Problem Statement

Takahashi is locked within a building.

This building consists of H×W rooms, arranged in H rows and W columns. We will denote the room at the i-th row and j-th column as (i,j). The state of this room is represented by a character A_{i,j}. If A_{i,j}= #, the room is locked and cannot be entered; if A_{i,j}= ., the room is not locked and can be freely entered. Takahashi is currently at the room where A_{i,j}= S, which can also be freely entered.

Each room in the 1-st row, 1-st column, H-th row or W-th column, has an exit. Each of the other rooms (i,j) is connected to four rooms: (i-1,j), (i+1,j), (i,j-1) and (i,j+1).

Takahashi will use his magic to get out of the building. In one cast, he can do the following:

• Move to an adjacent room at most K times, possibly zero. Here, locked rooms cannot be entered.
• Then, select and unlock at most K locked rooms, possibly zero.
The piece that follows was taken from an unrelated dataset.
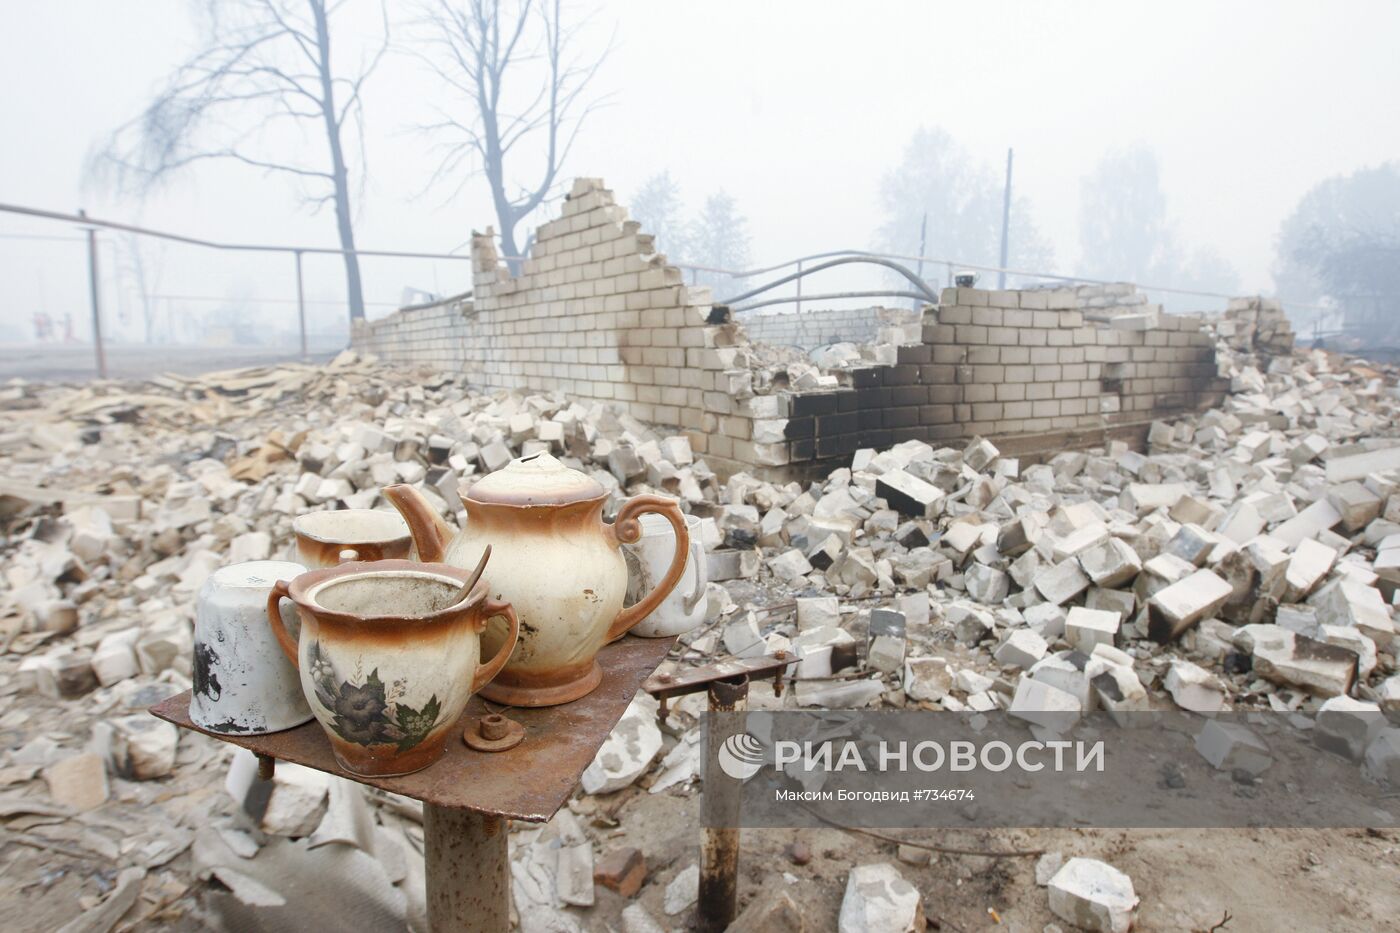 Сгоревший дом в поселке Борковка Нижегородской области

Those rooms will remain unlocked from then on.

His objective is to reach a room with an exit. Find the minimum necessary number of casts to do so.
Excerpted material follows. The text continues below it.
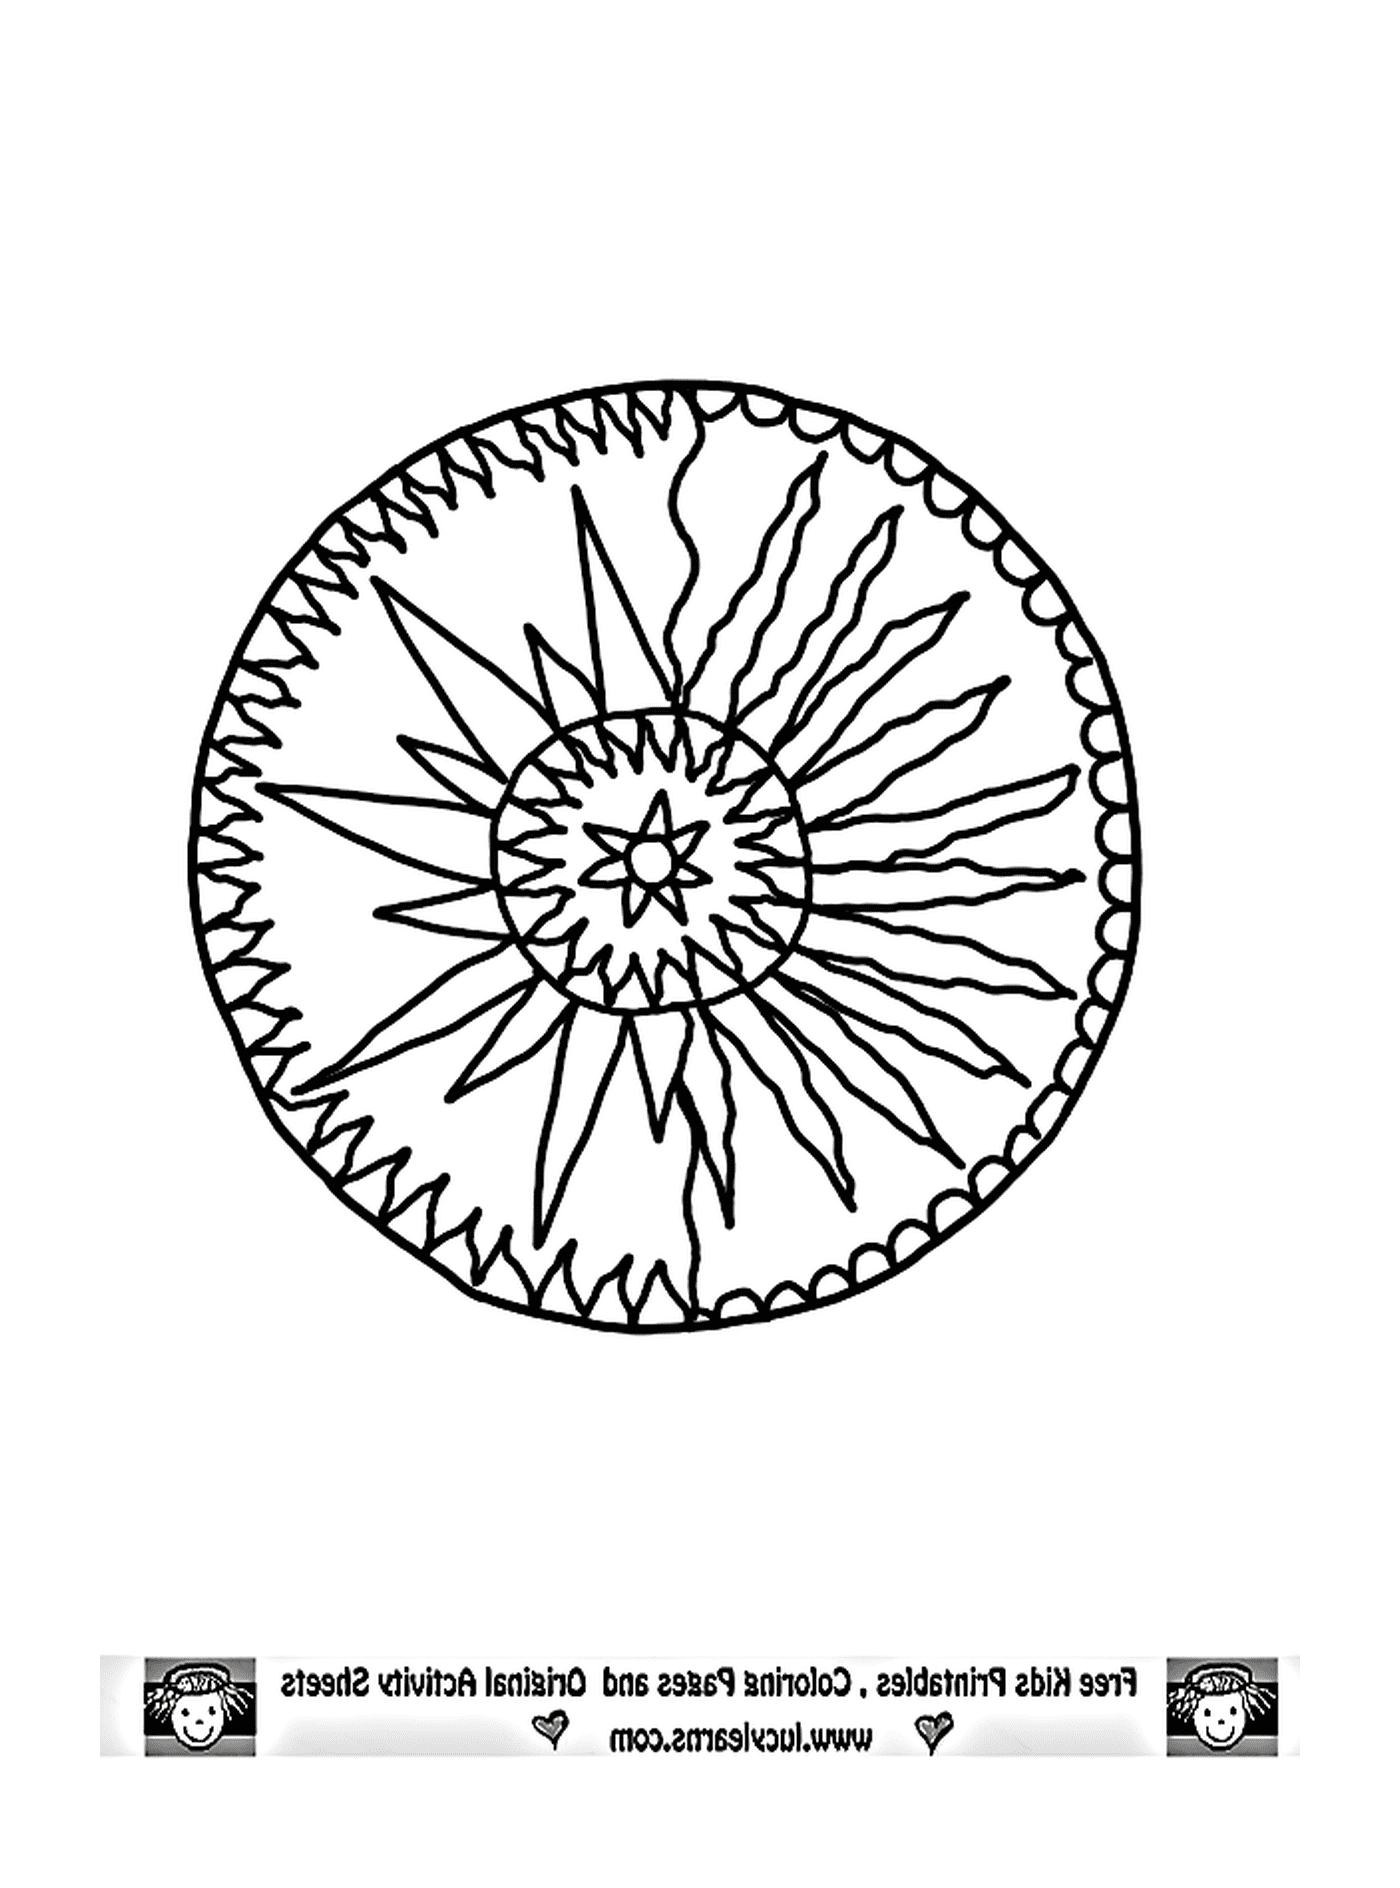  un disegno astratto con cuori e spirali

It is guaranteed that Takahashi is initially at a room without an exit.

Constraints

• 3 ≤ H ≤ 800
• 3 ≤ W ≤ 800
• 1 ≤ K ≤ H×W
• Each A_{i,j} is # , . or S.
• There uniquely exists (i,j) such that A_{i,j}= S, and it satisfies 2 ≤ i ≤ H-1 and 2 ≤ j ≤ W-1.

Sample Input 1

3 3 3
#.#
#S.
###

Sample Output 1

1

Takahashi can move to room (1,2) in one cast.

Sample Input 2

3 3 3
###
#S#
###

Sample Output 2

2

Takahashi cannot move in the first cast, but can unlock room (1,2). Then, he can move to room (1,2) in the next cast, achieving the objective in two casts.

Sample Input 3

7 7 2
#######
#######
##...##
###S###
##.#.##
###.###
#######

Sample Output 3

2